Pero el tren siguió formando parte de su vida. La idea de ser maquinista iba
ahora tomando forma. Aunque en realidad fueron otras circunstancias, a modo de
cronistas ocasionales, las que le marcaron el camino de su vida. Eso fue lo que
pasó una y otra vez, que se giró para posar terminó en una foto definitiva.
De
esa manera fue un poco todos sus héroes: cuidador de animales, electricista,
pintor de edificios, decorador de paredes, malabarista, entrenador de fútbol,
bibliotecario, acomodador de cine y
hasta maestro. Todo por un flash, como la foto con la rata.
El
niño augura que cuando llegue a casa no podrá llevar la rata consigo, así que
se la lleva bajo el árbol y la esconde entre dos piedras. Para su sorpresa, el
fotógrafo, conciente de su propia genialidad, apareció por la casa con la foto
unas semanas más tarde. La madre gustosa la compró. Cuando él nació, casi no lo
cuentan. Por suerte ahora podían hablar de ello. Pero era chiquito y peludo. La
comadrona decidió llamar al cura, había que bautizarle con urgencia, no fuera
que muriera pagano. En realidad a ella
su niño le parecía hermoso de cualquier manera. Compró aquella foto que después
de que dejara de ser novedad, guardó junto con otras en una caja de lata en un
cajón de la cómoda. Allí estuvo durante muchos años. Un buen día la prestó para
una exposición que recogía la historia del pueblo. De esa forma llegó a la
galería, formando parte de un catálogo de instantáneas de otros muchos
personajes.
Cuando
ya de mayor cogió el tren que definitivamente le llevaría a buscar su destino
en la vida, cayó en la cuenta de que éste no terminaba por aparecer. En
realidad eran muchas estaciones, una tras otra, las que se iban sucediendo. Mirar
por la ventanilla era fascinante y jamás le produciría vértigo. Pero no existía
un destino. Su destino desde entonces sería el mundo entero.

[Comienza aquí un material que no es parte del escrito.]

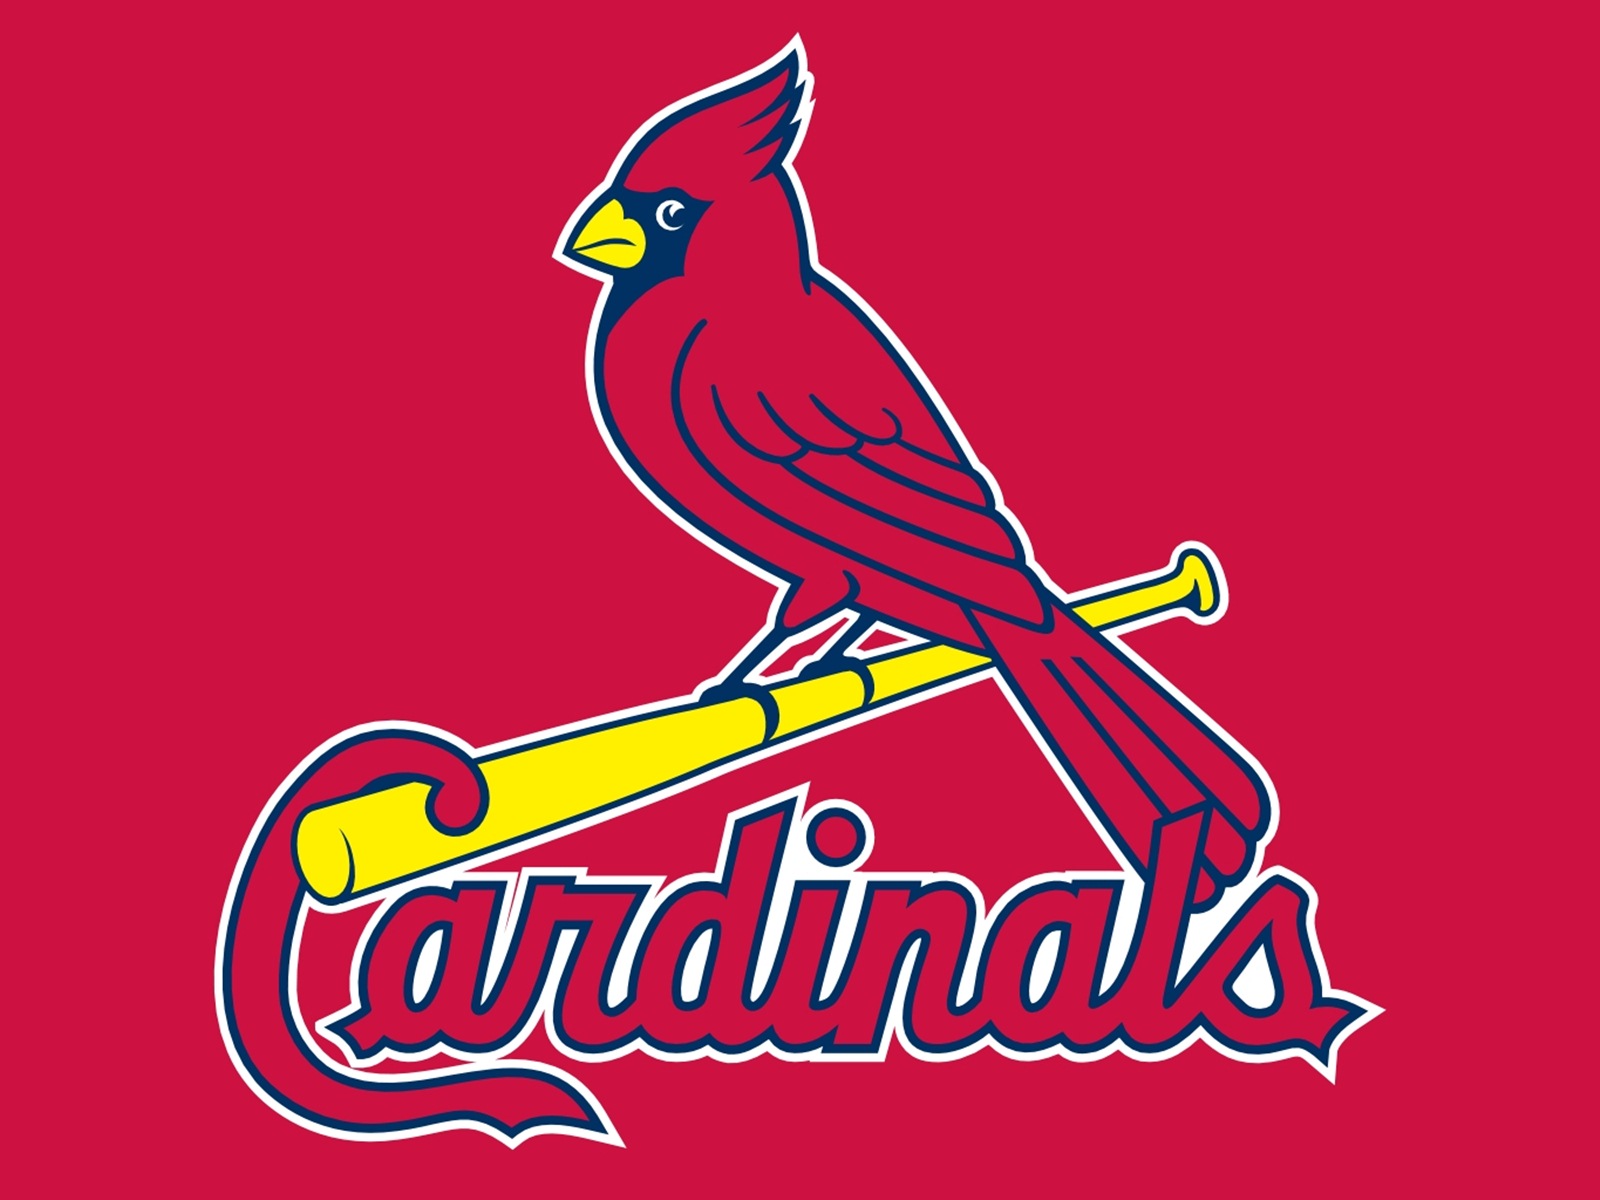 Free St Louis Cardinals Vector Logo, Download Free St Louis Cardinals Vector Logo png images
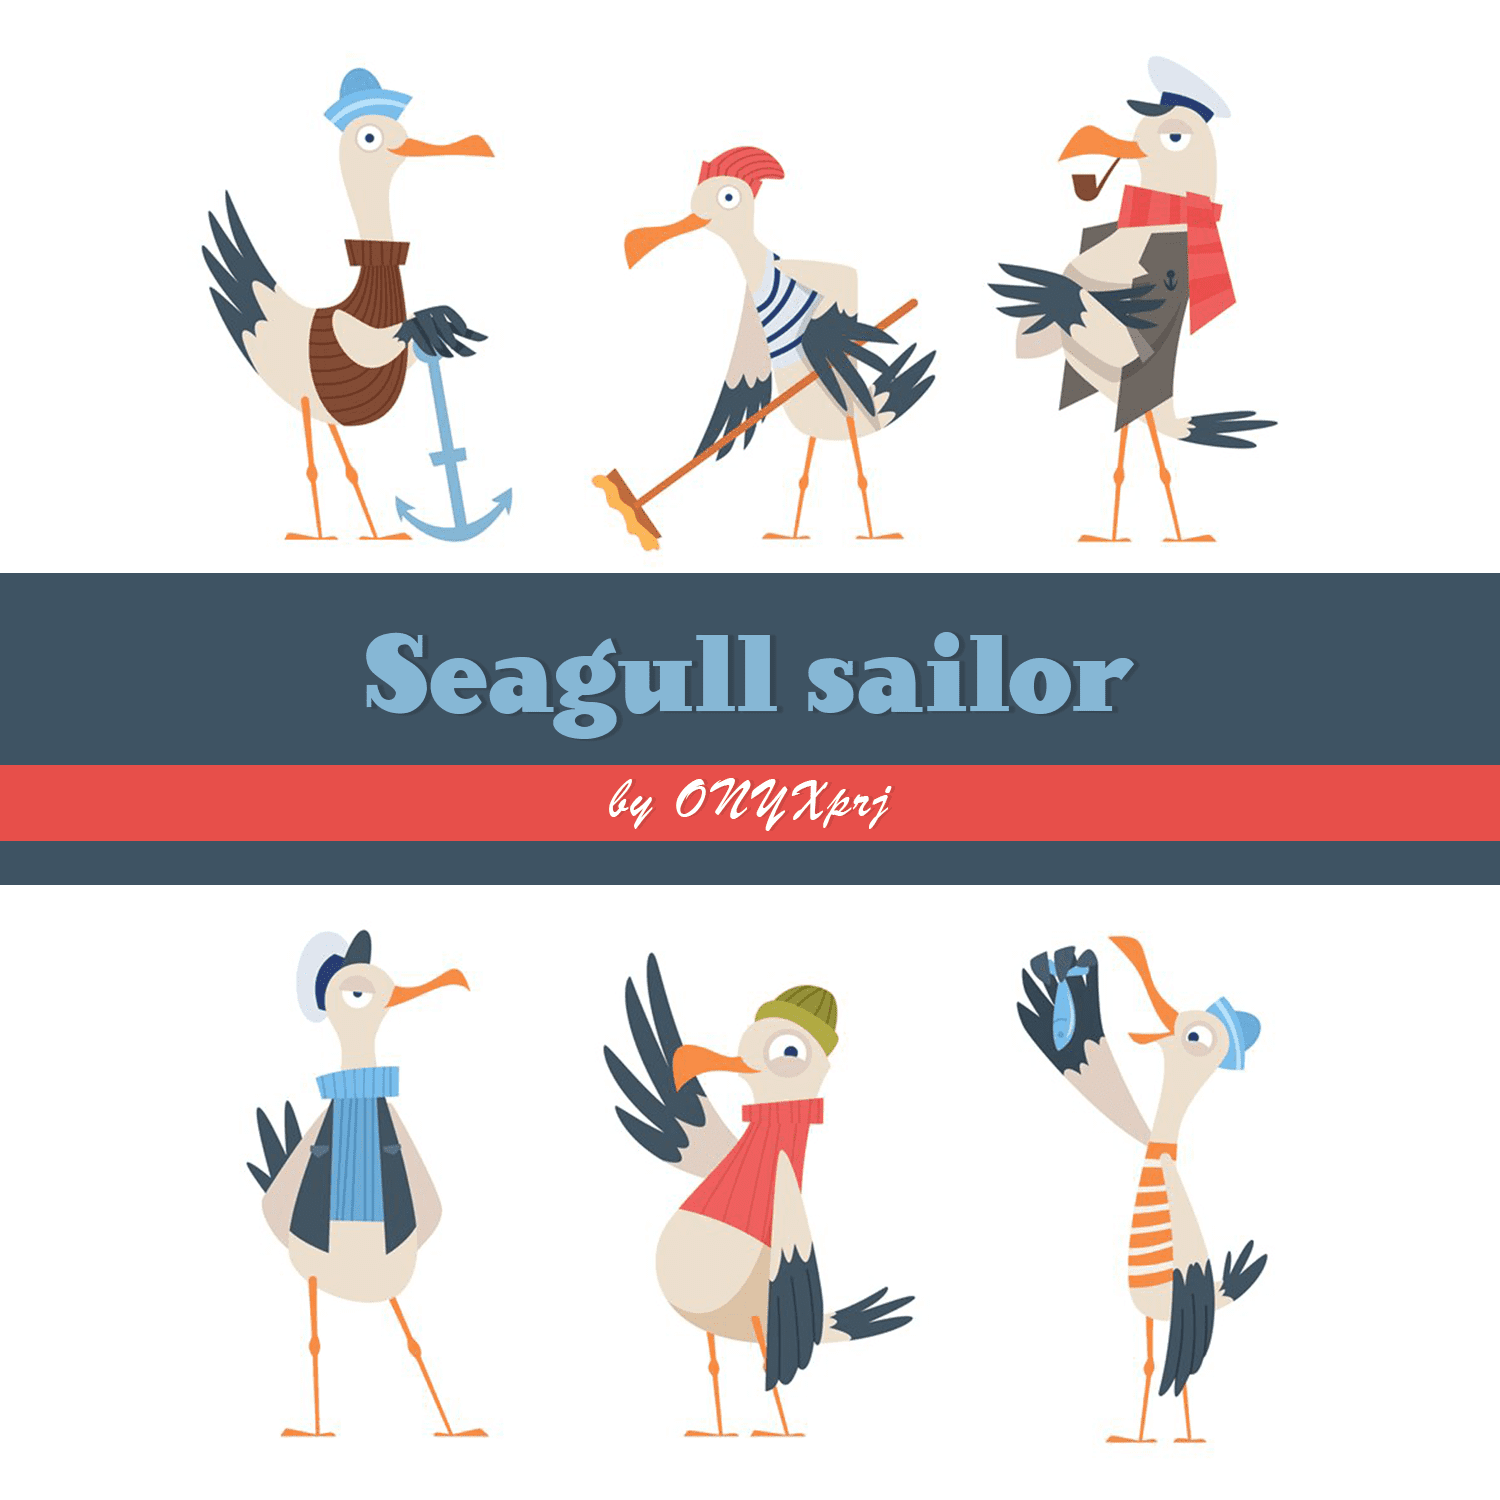 Seagull sailor. Cute funny sea or ocean bird in captain clot cover.

Hola Encarna, estoy en Medellín (Colombia) y buscando imágenes de Molacillos en google, nos encontramos con tu relato que también es nuestro. Nos ha emocionado leerlo y quiero agradecerte el que le hayas puesto palabras tan bonitas a una pequeña historia de un niño con botas que soñaba con ser maquinista. Un beso, Manuel L Hernández Enríquez.